New Delhi, Feb. 10: 
The communications ministry has started the process of downsizing its departments, which will eventually lead to the scrapping of the Telecom Commission and the simultaneous break up of Bharat Sanchar Nigam (BSNL) into separate profit zones or small companies.

Officials in the communications ministry said the move is a precursor to a divestment process in BSNL. “We have not been given any deadline.

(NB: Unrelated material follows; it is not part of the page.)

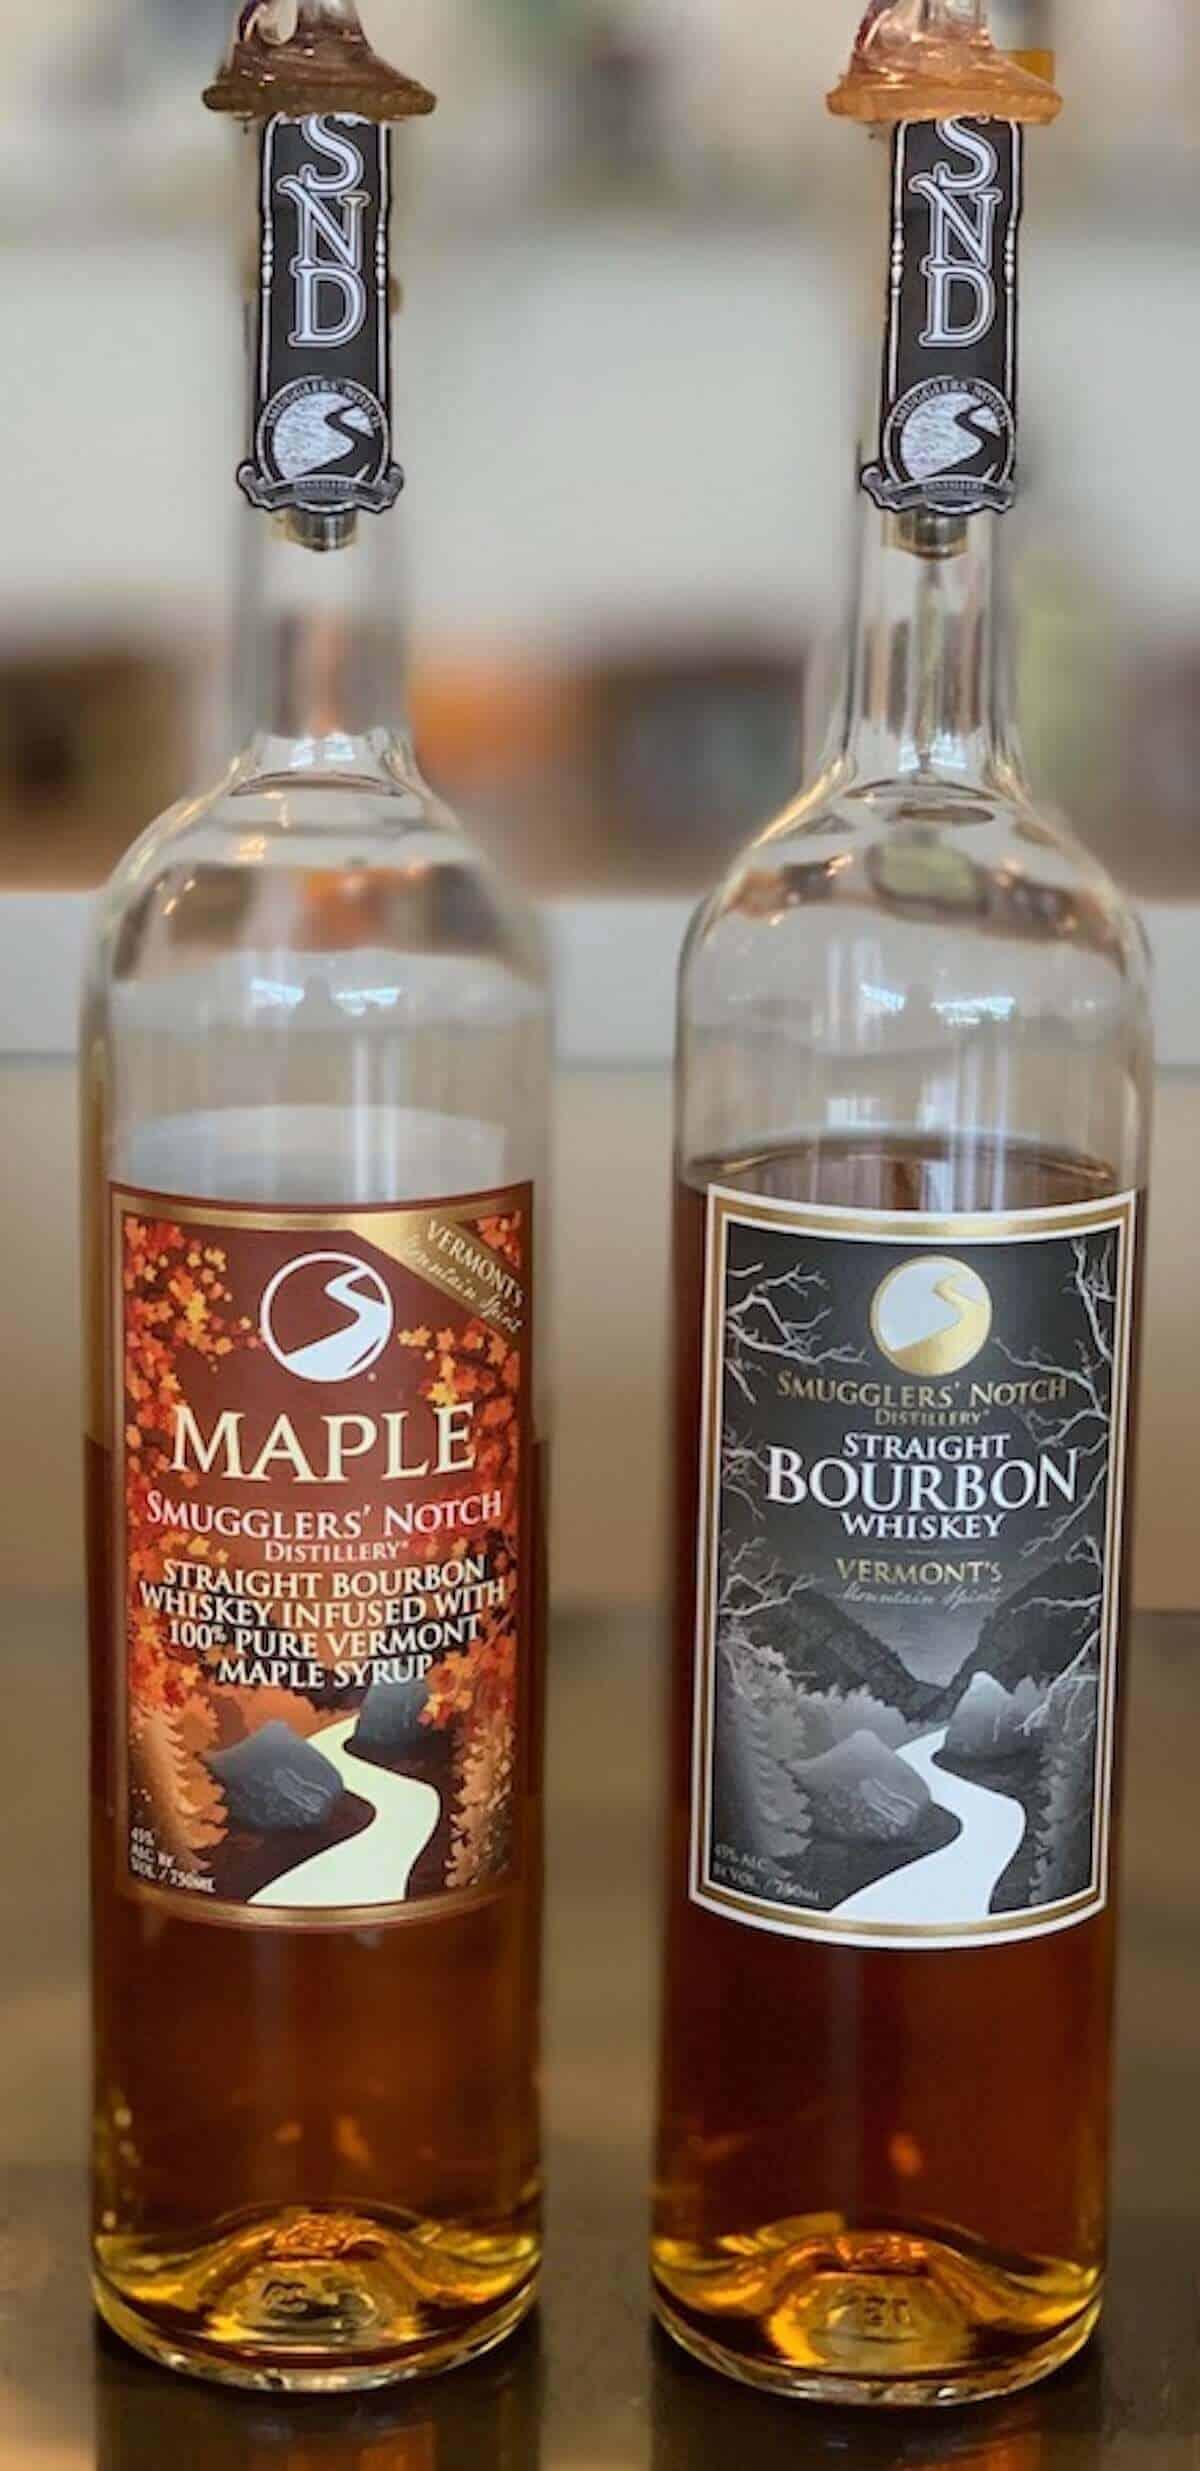 Smugglers' Notch Distillery Straight Bourbon Maple Bourbon
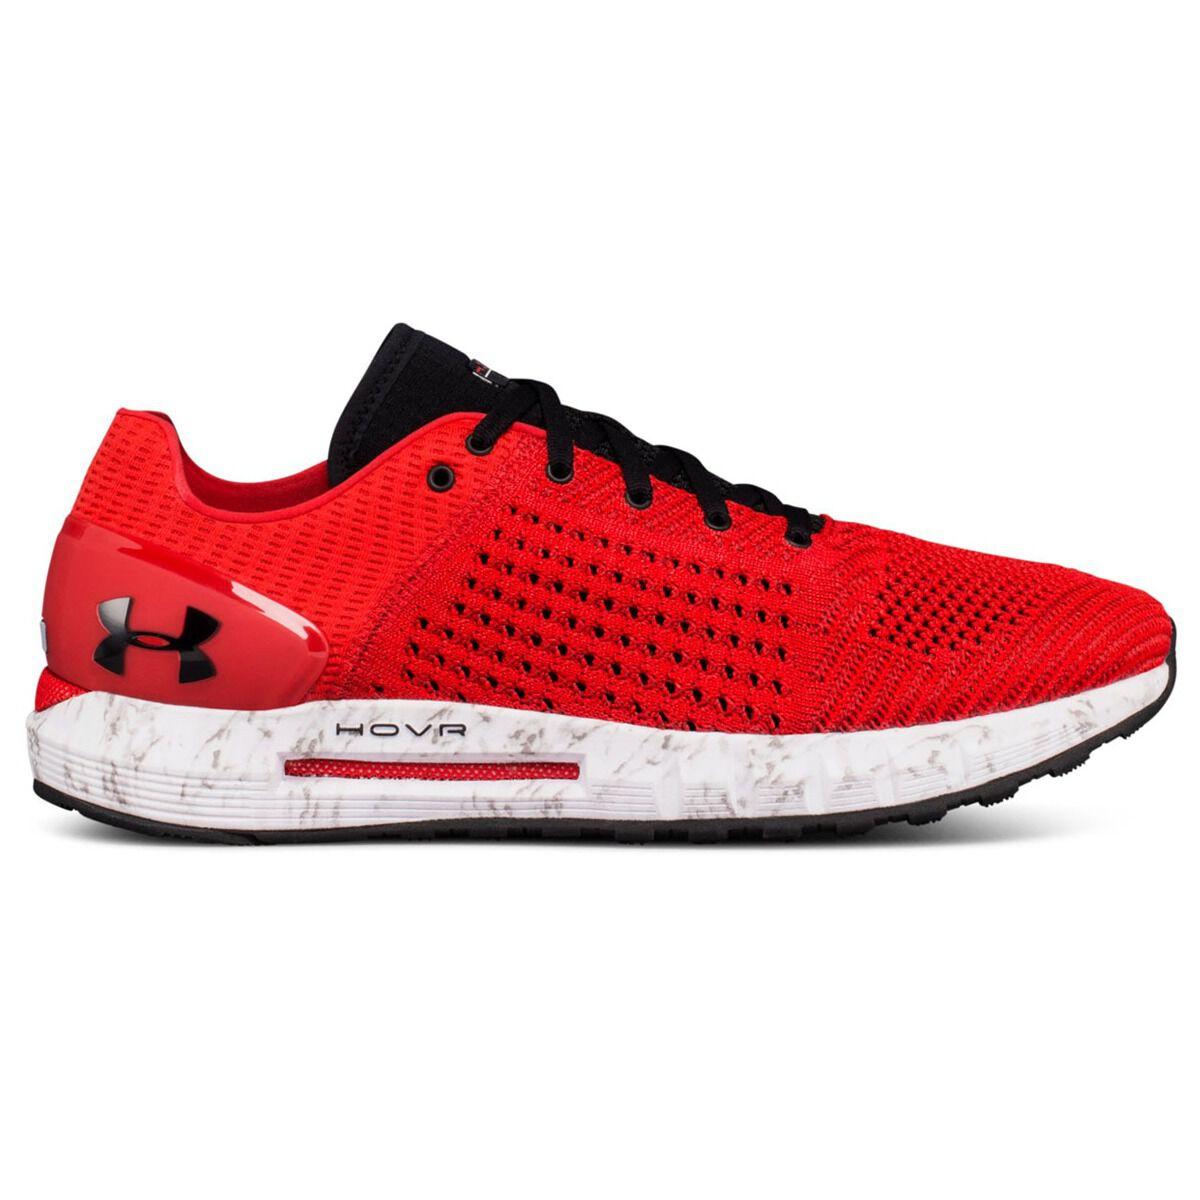 Under Armour Mens Running Sport Sonic Red 7Rebel Hovr Shoes Us jGLMqVpSzU

The top-brass has indicated to us that the whole process is likely to be completed by 2005. Initially, the non-profit making zones of BSNL are scheduled to be put on the block and the profit making zones will be dis-invested at a later stage.”

“The BSNL selloff process is in a preliminary stage but the directives were given to the DoT (Department of Telecommunications) soon after BSNL was corporatised. We expect a consultant to be appointed soon to undertake the assessment process,” officials added.

However, the issue that has created ripples in the Telecom Commission is the ministry’s overzealous approach to show that the downsizing exercise at the senior level will be completed at the earliest. Sources in the communications ministry said: “The issue is old. Even former communications minister Ram Vilas Paswan tried to initiate the process but no substantial progress has been made.”

During his tenure as communications minister, Paswan had asked the officials to start the process of reorganising and restructuring DoT, the telecom policy-making body, without resorting to job cuts.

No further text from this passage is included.